# Quantum Feature Map¶

Many classical machine learning methods re-express their input data in a
different space to make it easier to work with, or because the new space may
have some convenient properties. A common example is support vector machines, which classify data
using a linear hyperplane. A linear hyperplane works well when the data is
already linearly separable in the original space, however this is unlikely to be
true for many data sets. To work around this it may be possible to transform the
data into a new space where it is linear by way of a *feature map*.

More formally, let \(\cal{X}\) be a set of input data.
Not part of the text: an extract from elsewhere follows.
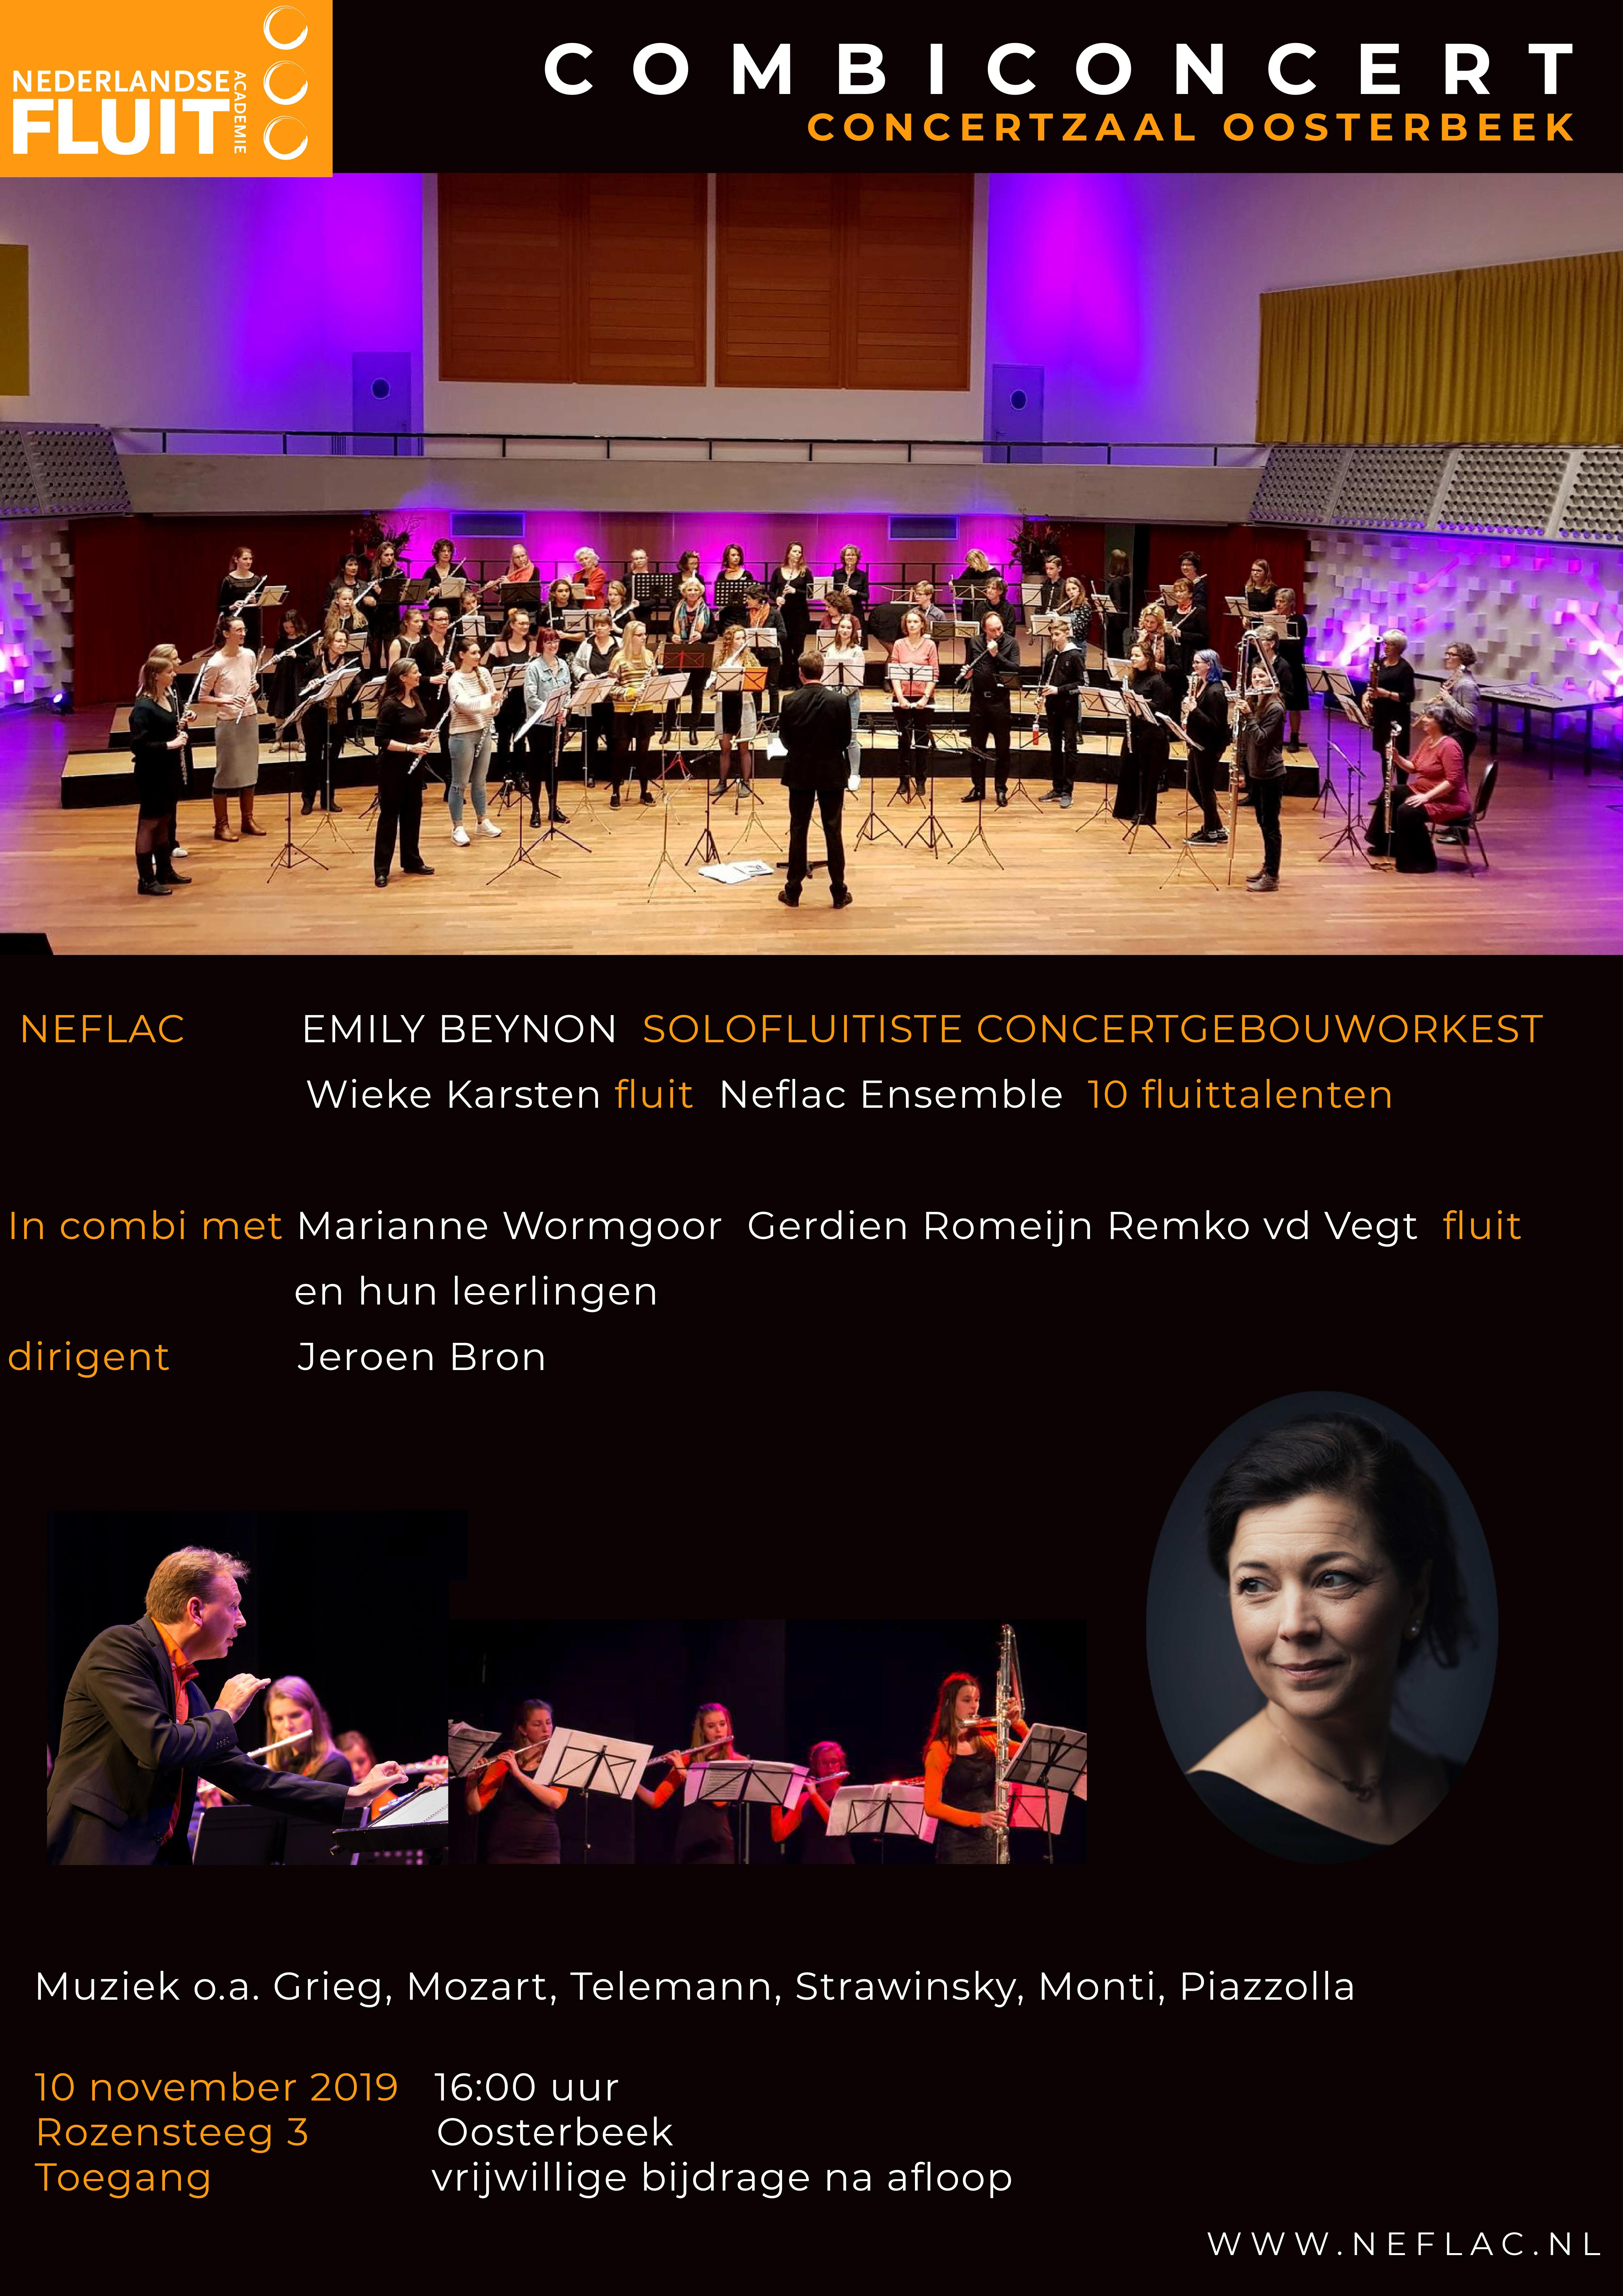 Concert Neflac CombiConcert

A feature map \(\phi\) is a function that acts as \(\phi : \cal{X} \rightarrow \cal{F}\) where \(\cal{F}\) is the feature space. The outputs of the map on the individual data points, \(\phi(x)\) for all \(x \in \cal{X}\), are called feature vectors.

In general \(\cal{F}\) is just a vector space — a *quantum feature map*
\(\phi : \cal{X} \rightarrow \cal{F}\) is a feature map where the vector
space \(\cal{F}\) is a Hilbert space and the feature vectors are quantum
states. The map transforms \(x \rightarrow |\phi(x)\rangle\) by way of a
unitary transformation \(U_{\phi}(x)\), which is typically a
variational circuit whose parameters
depend on the input data.

For some more detailed examples of quantum feature maps, see the entry for quantum embeddings, and the key references Schuld & Killoran (2018), and Havlicek et al. (2018).